Ирочка, приезжай! Наши уже всё приготовили, горенку обоями оклеили. Обои голубые, белыми цветочками. Я никому не говорю, что ты не хочешь ехать. Всё надеюсь.

Новости у нас такие: я уже с одним костылём управляюсь. Студенты приехали, столбы поставили, теперь в школе проводку делают и в Дома уже начали проводить.

Феликс больше не хочет быть почтальоном, его на лето хотят колхозным конюхом определить. Он с конями умеет, и на трудодни больше. У них в семье трое маленьких, а ему уже пятнадцатый пошёл в апреле месяце. Он теперь с утра до вечера занят будет. Я говорю: «Как же ты теперь вечера самодеятельности будешь устраивать?» — «А Ирина, говорит, Алдан на что? Ей все эти дела сдам». Вот, без тебя распорядился. Ох, Ирочка, ты рассердишься, он ведь всё узнал. А моей вины в этом почти и нет. Я тебе скажу, как у нас получилось.

Я ведь очень недогадливая, мне бы никак не догадаться, что буквы с целью подчёркнуты. А Феликс тогда ко мне не ходил. Я «Аэлиту» прочитала и с Юркой послала Феликсу. Это позавчера. А сегодня утром сижу на бережку, думаю про свою жизнь, какая она у меня переменчивая. Была у меня подруга Ирочка, был друг Феликс, а теперь никого. И так я себя растравила, до слёз. И вдруг вижу — Феликс бежит и книгой размахивает. «Ты, кричит, читала?» — Читала, говорю. — «Да буквы, кричит, буквы!» Ничего не понимаю, какие буквы?! Он мне книгу под нос суёт. «В этой книге, говорит, ключ тайны.
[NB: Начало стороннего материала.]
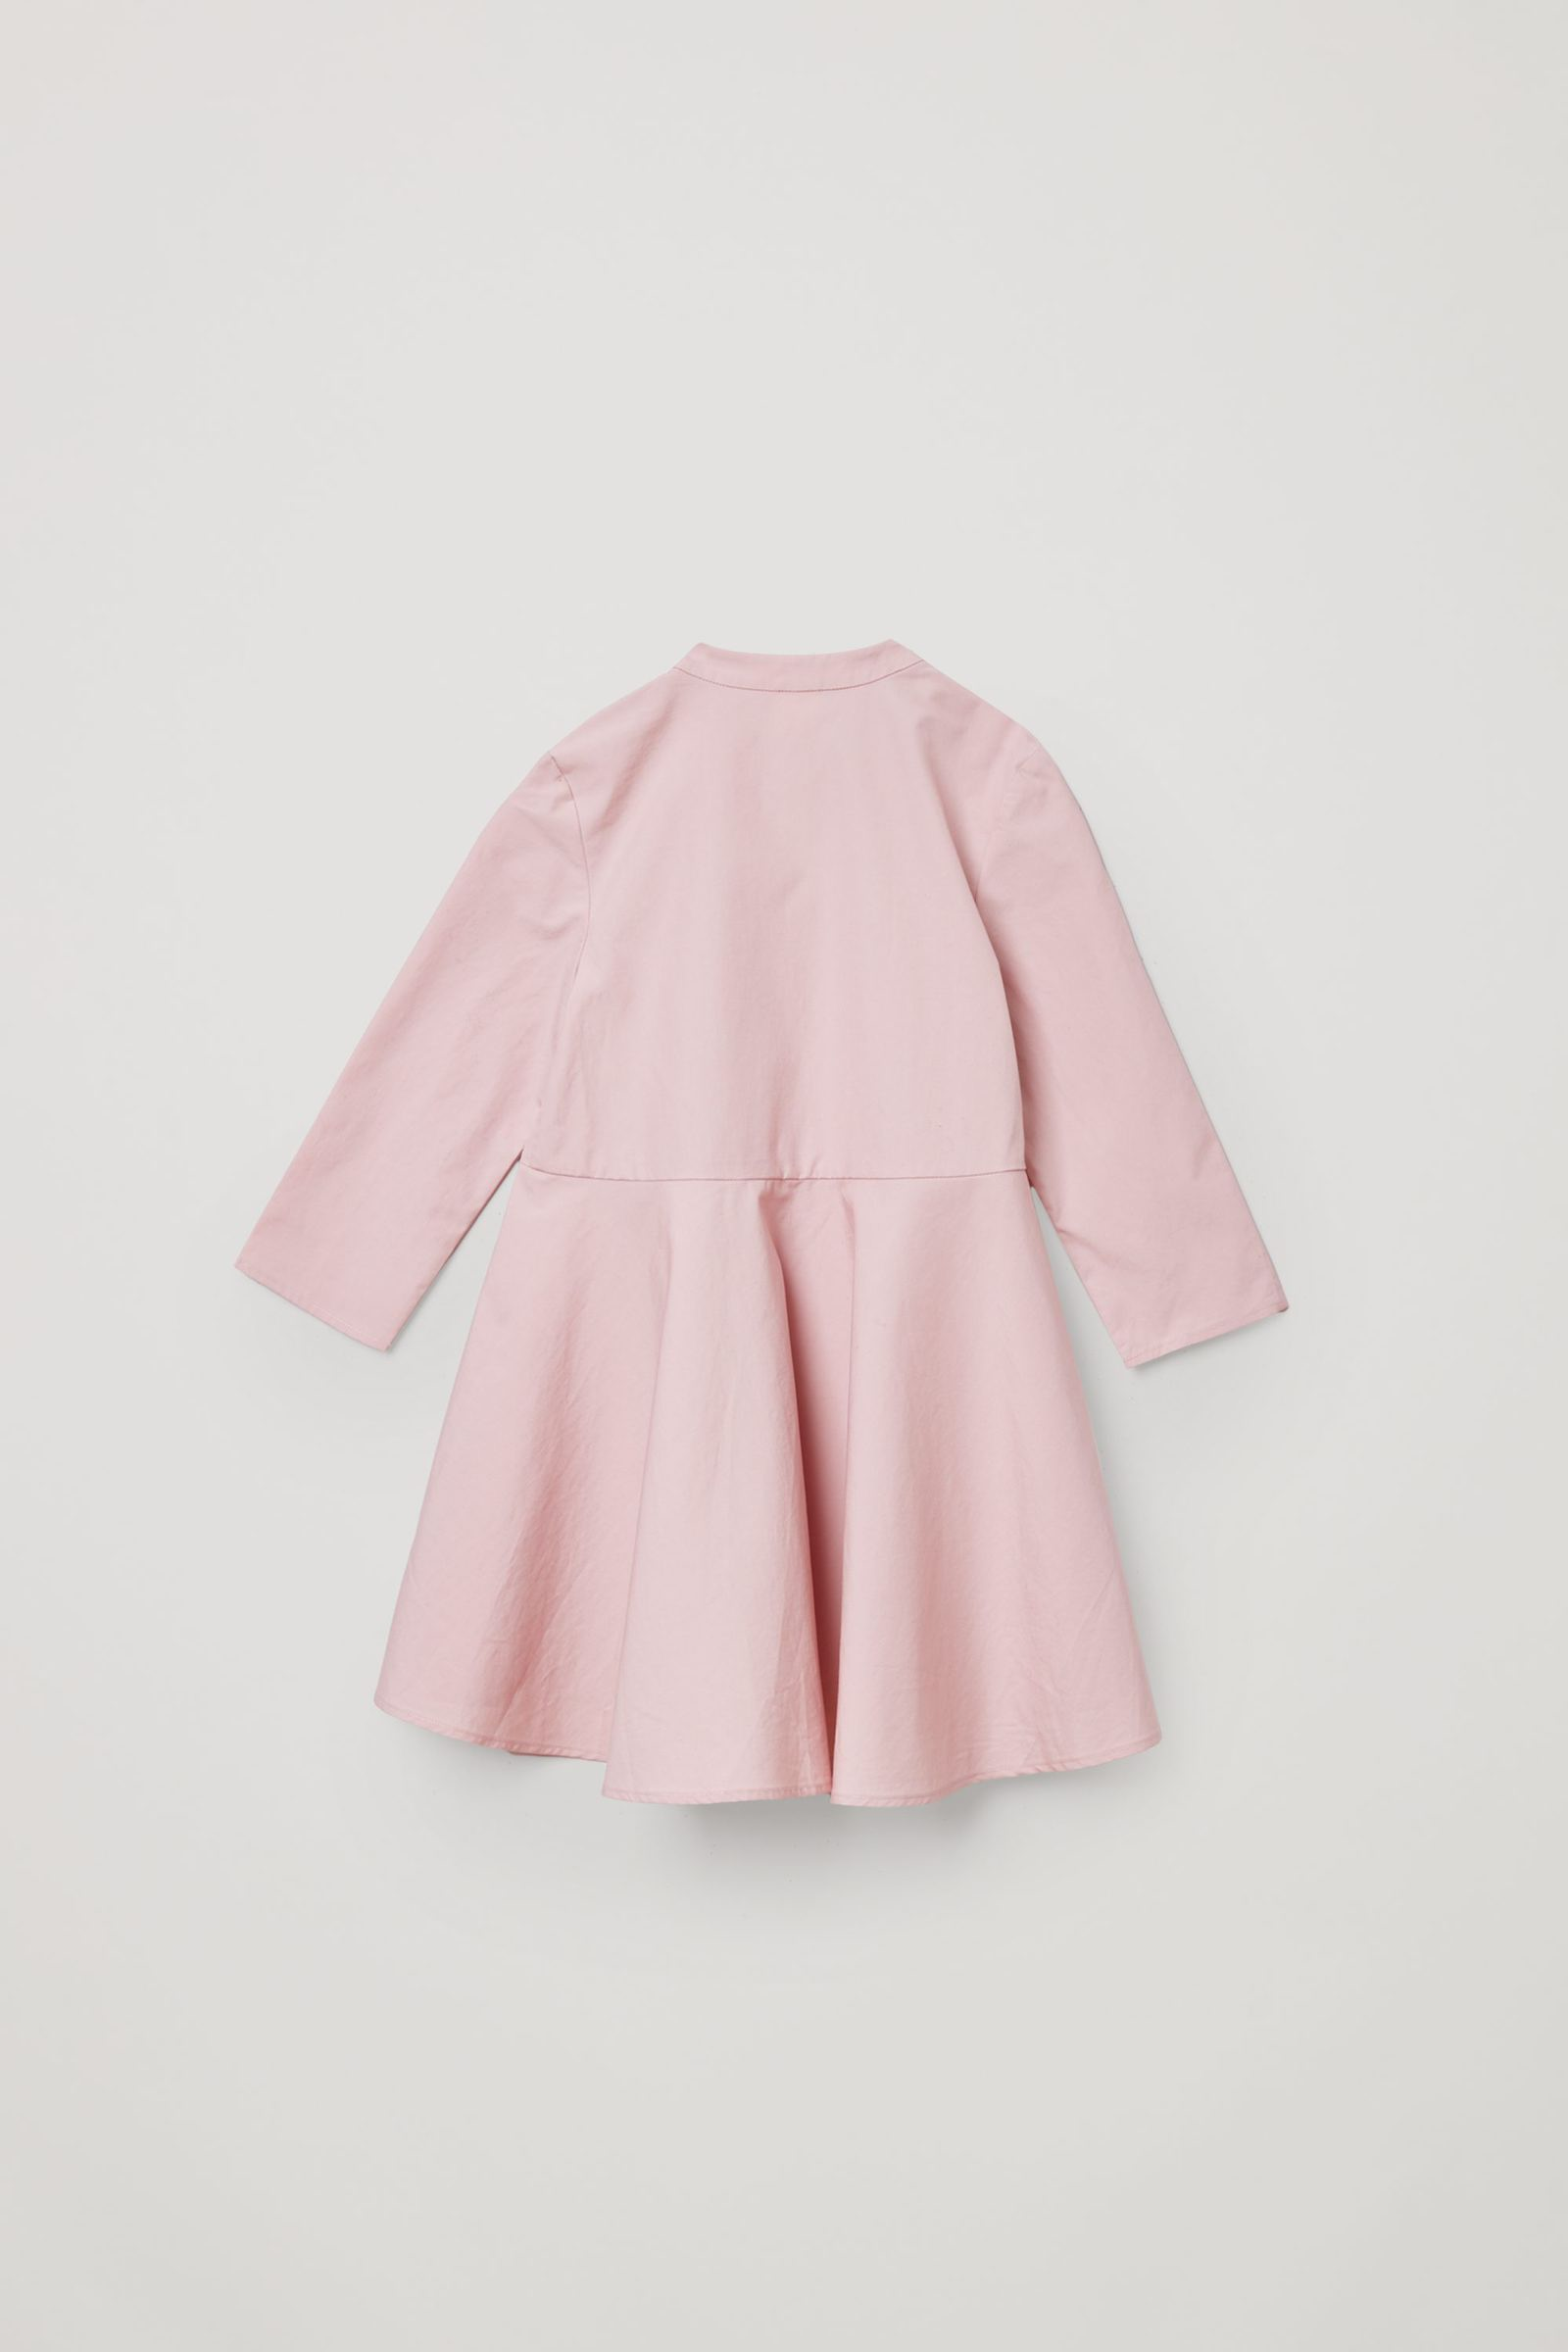 COS 포켓 코튼 드레스의 핑크컬러 Product입니다.

Это, говорит, не Лена была, а она сама. Я только немного прочитал — и к тебе. А тебя дома нет, насилу разыскал». Тут он мне всё разъяснил, и стали мы читать. А как дошли до места, где ты не велишь никому, а особенно Феликсу, говорить, я испугалась и хотела бросить читать, да уж тут и конец был. Что же теперь делать?

Да ну их, всякие тайны! Лучше приезжай скорее.

Твоя любящая ЛЮСЯ.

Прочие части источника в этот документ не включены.